Manisa’nın Demirci ilçesinde yaşayan, bir enerji dağıtım şirketinde çalışan üç çocuk babası Kamuran Dinçer’i böbrek nakline götüren süreç 2013 yılında başladı. Kalbinde sıkışma hissiyle Demirci Devlet Hastanesi acil servisine başvuran Dinçer, kan değerlerinin kötü çıkması üzerine Manisa Devlet Hastanesi’ne sevk edildi. Burada yapılan ileri tetkiklerde Dinçer’e böbrek yetmezliği tanısı kondu. Nitekim Dinçer 4 gün sonra kendini diyaliz makinesine bağlanmış buldu. Dinçer aynı yıl bir üniversite hastanesinde adını kadavradan bağış bekleyenler listesine yazdırdı, 2017 yılına kadar Demirci Devlet Hastanesi’nde haftanın üç günü diyaliz tedavisi gördü. Kan grubu 0 olduğu için sadece 0 grubu vericilerden organ alabilen Dinçer’e, ailesinde çok sayıda gönüllü olmasına rağmen kan grupları uymadığı için tek bir donör bile çıkmadı. Makineden kurtulup yeni bir hayat sürme şansı 0 grubu kadavra organ bağışına kalan Dinçer iş ve sosyal yaşamını etkileyen diyaliz tedavisini eve taşıdı. Dinçer bir yandan çalışıp diğer yandan her gün evinde diyaliz yaptığı bir rutin içine girerken, doktor takibini ve üniversite hastanesindeki kaydını 2022 Ekim’de Acıbadem Kent Hastanesi’ne taşıdı. Kadavra listesine ilk başvurusunun üzerinden 11 yıl geçen Dinçer, geçtiğimiz Temmuz ayının 13’ünde hastaneden gelen telefonla büyük şaşkınlık yaşadı. Bağış organ çıktığı bildirilen telefondan nakil için hastaneye çağrılan Dinçer, eşi Gülay Dinçer (46) ile 250 kilometrelik yolu adeta uçarak geldi. Dinçer, Uzm. Dr. Işık Özgü, Uzm. Dr. Uğur Saraçoğlu, Prof. Dr. Hüseyin Töz, Doç. Dr. Ebru Sevinç Ok, Uzm. Dr. Gökhan Ekin’den oluşan ekip tarafından nakil operasyonuna alındı. Böbreğin uyum sağladığı Dinçer, makinesiz bir yaşama geçerken şifayla taburcu edildi. Sadece 0 grubu vericiden nakil mümkündü
Acıbadem Kent Hastanesi Böbrek Nakli ekibinden Uzm. Dr. Işık Özgü, Dinçer’in geniş bir ailesi olmasına rağmen ailesinden 0 grubu verici çıkmadığını, kadavradan bağışta da aynı şartın geçerli olduğunu vurguladı. Özgü, “Hastamız 11 yılını diyalizle geçirmişti. Kan grubu 0’dı. Bu kan grubu genel verici ama ancak kendi kan grubundan alabiliyor. Kendi kan grubundan kadavra bağışı ile nakil şansına kavuştu. Artık çalışan bir böbreği var, makineli günleri geride bıraktı” dedi. “Dört nakil adayından biriydim”

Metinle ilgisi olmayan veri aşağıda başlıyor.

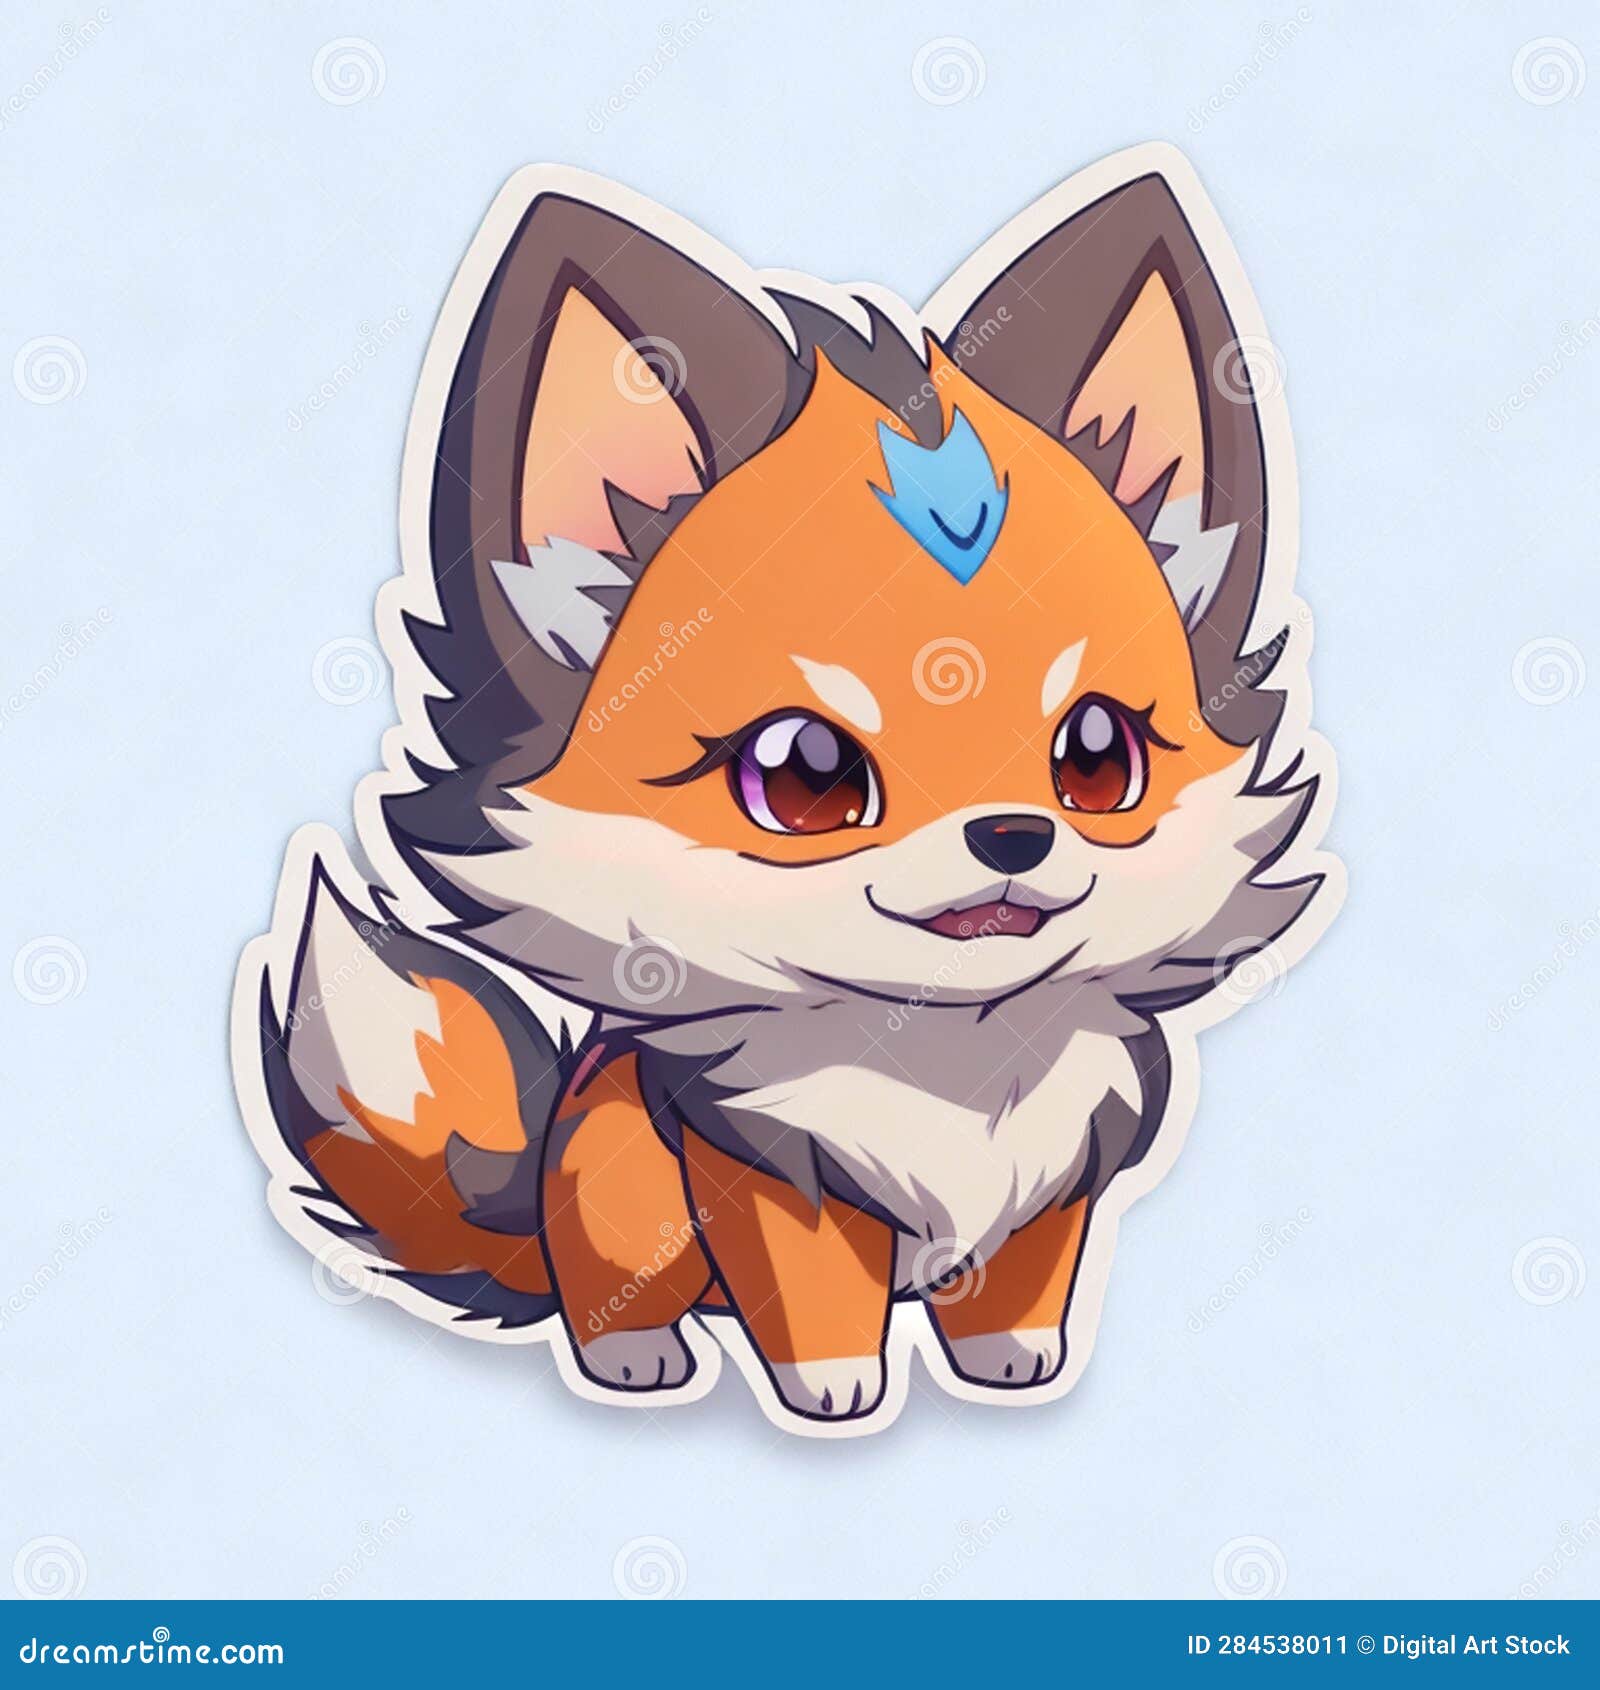 Chibi fox - Google Search | Cute animal drawings, Anime animals, Kawaii  drawings
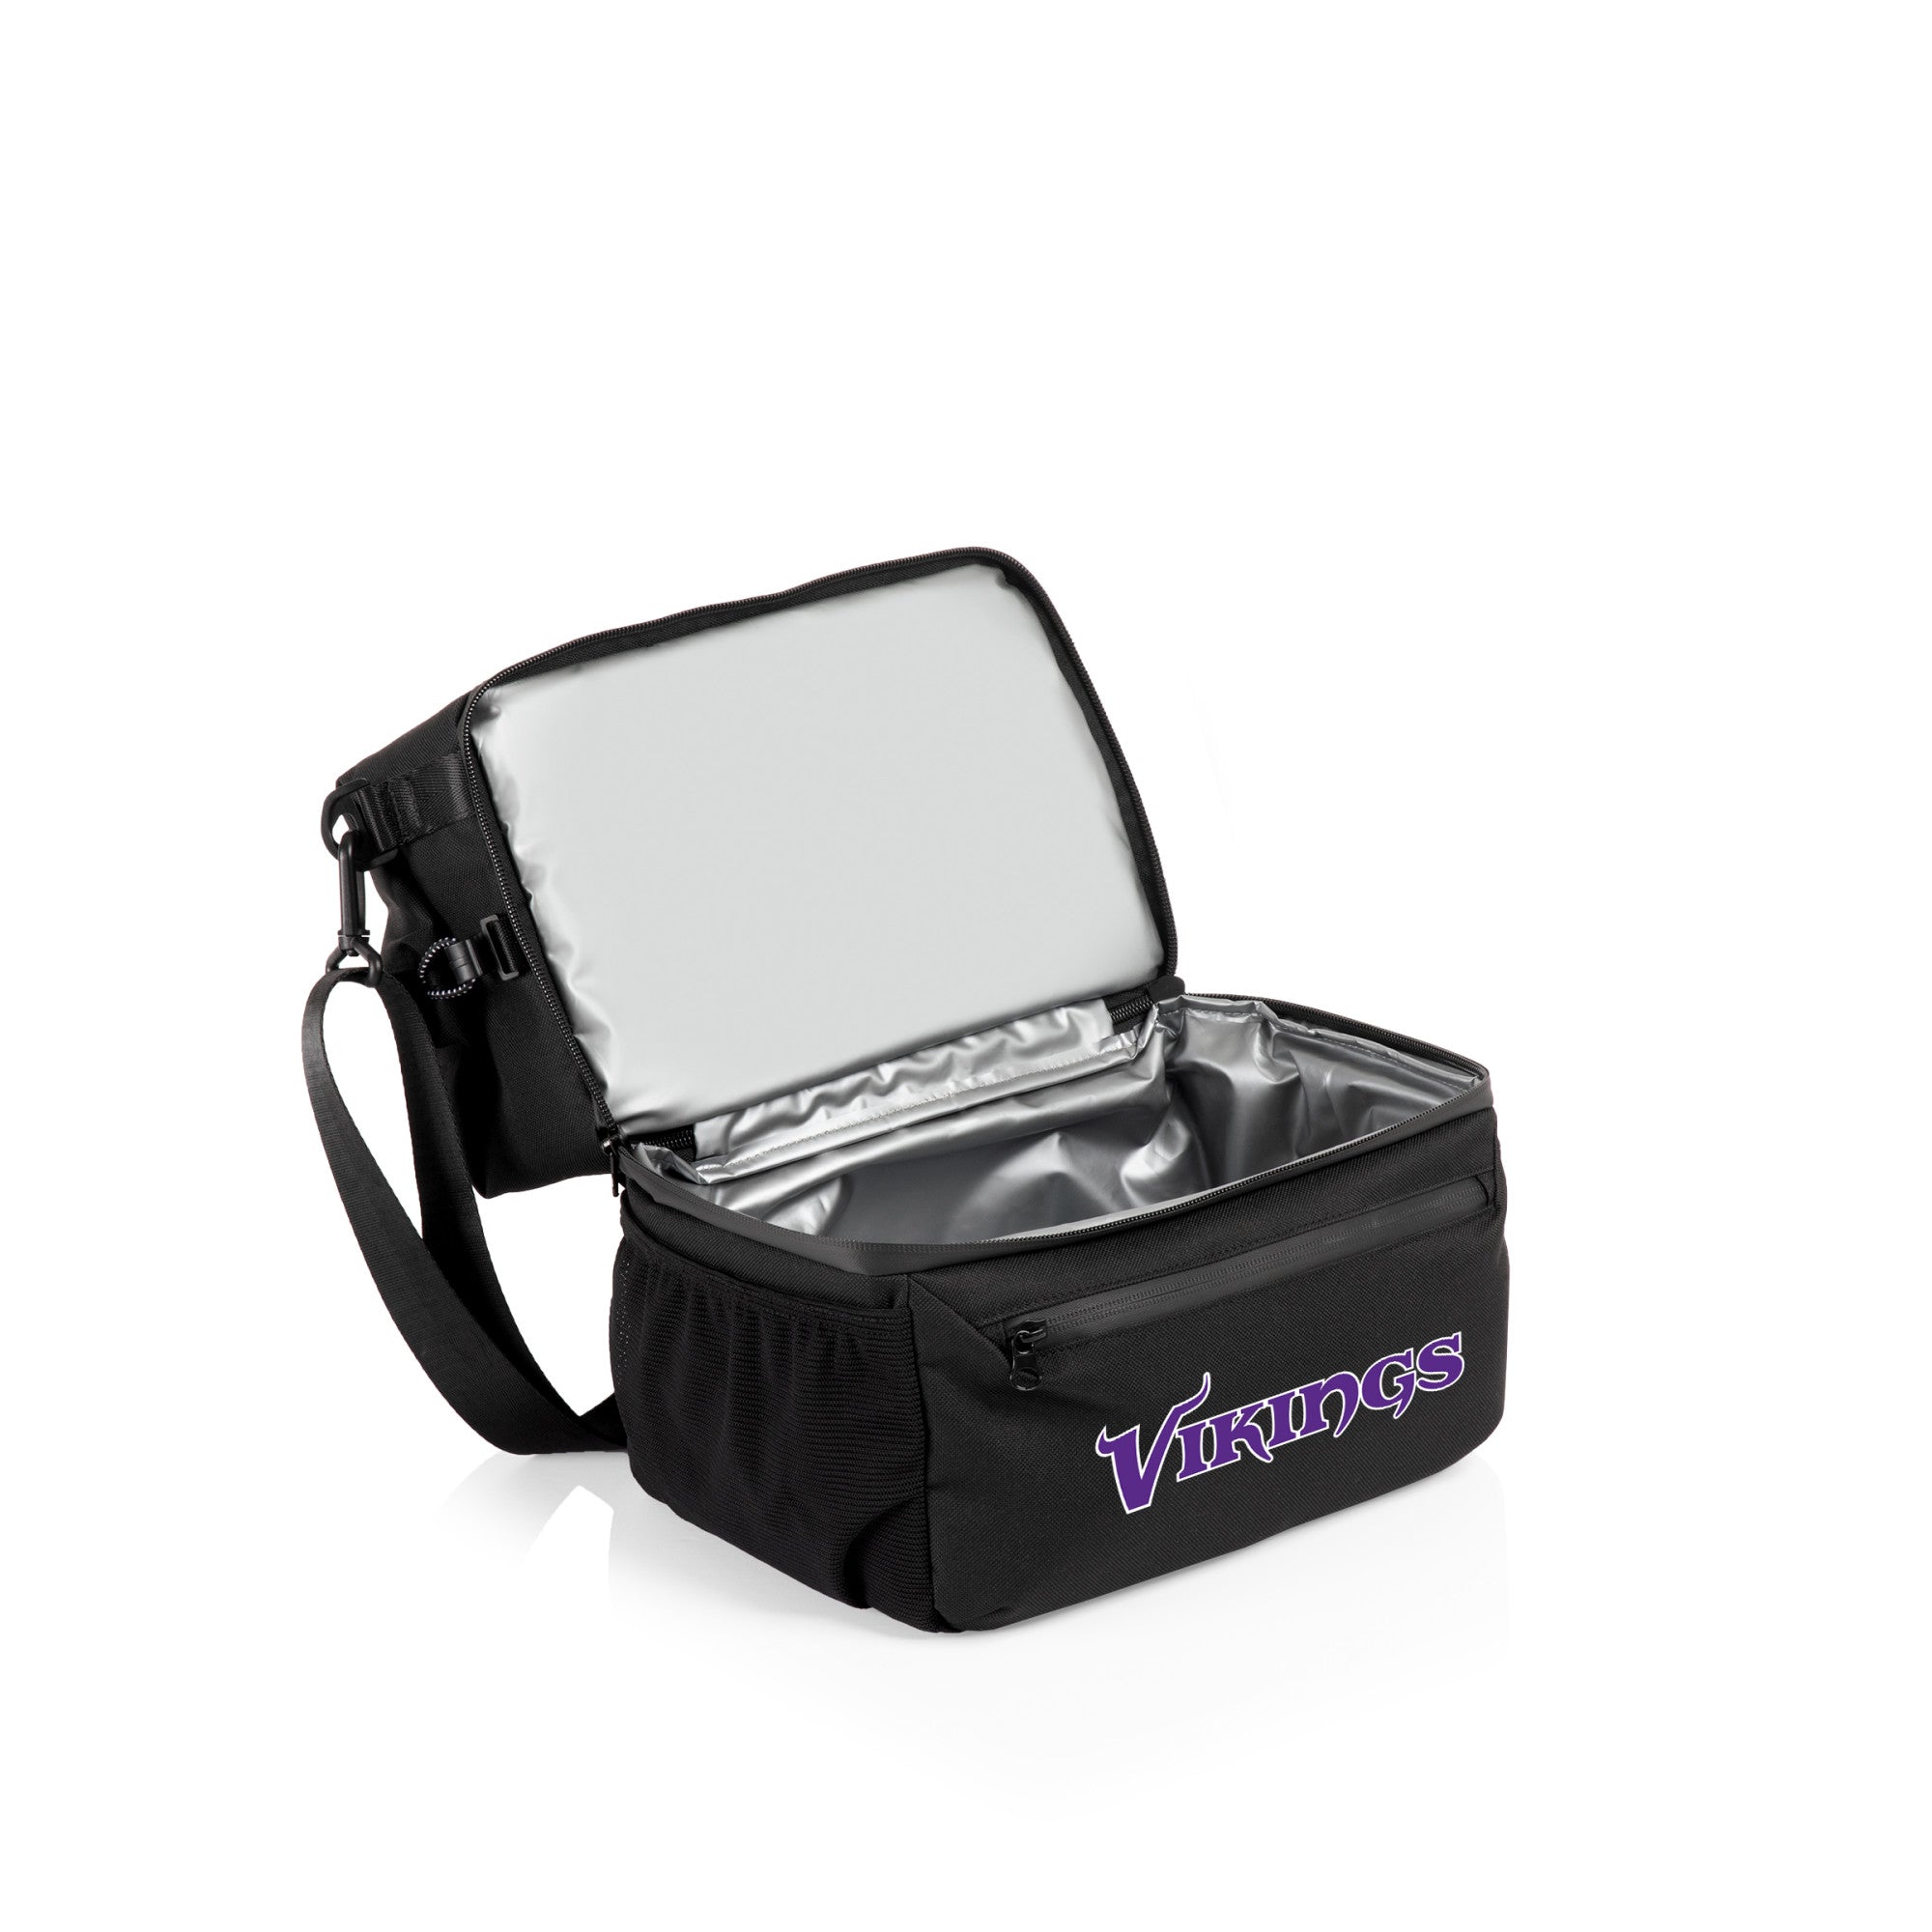 Minnesota Vikings - Tarana Lunch Bag Cooler with Utensils

4 yılını haftanın üç günü diyaliz merkezinde makineye bağlanarak geçirdiğini belirten Kamuran Dinçer, yaşadıklarını şöyle anlattı:
“Ailemde 4 kardeşim, annem, babam, amcam dayım bana böbreğini verecek çok sayıda insanım vardı ama kan gruplarımız uymamıştı. Bir buçuk yıl kadar önce üniversite hastanesindeki kaydımı Acıbadem Kent Hastanesi’ne aldım. Umudumu tazeledim. İnsanlarda umut hep olmalı. Umutsuz yaşam olmuyor. Şans yüzüme güldü. Bu bağış organ için hastaneye 4 aday çağrılmıştı, hatta ben yedek adaydım. Ama en uygun alıcı adayı ben oldum ve başarılı bir nakil ameliyatı geçirdim. Adeta hayata sıfırdan başladım. Böbrek bağışlayarak bana yeni bir hayat kapısı açan acılı aileye, hekimlerime sonsuz teşekkürler. 2017 yılında eğitim alıp evde kendi kendime diyaliz yapmaya başladım. Sabah işe gidiyor, döndüğümde diyalize bağlanıyordum. Diyaliz mesaimin bir parçası olmuştu. 11 yıl böyle geçti. O yüzden hala makineden kurtulduğuma inanamıyorum. Artık özgürüm.”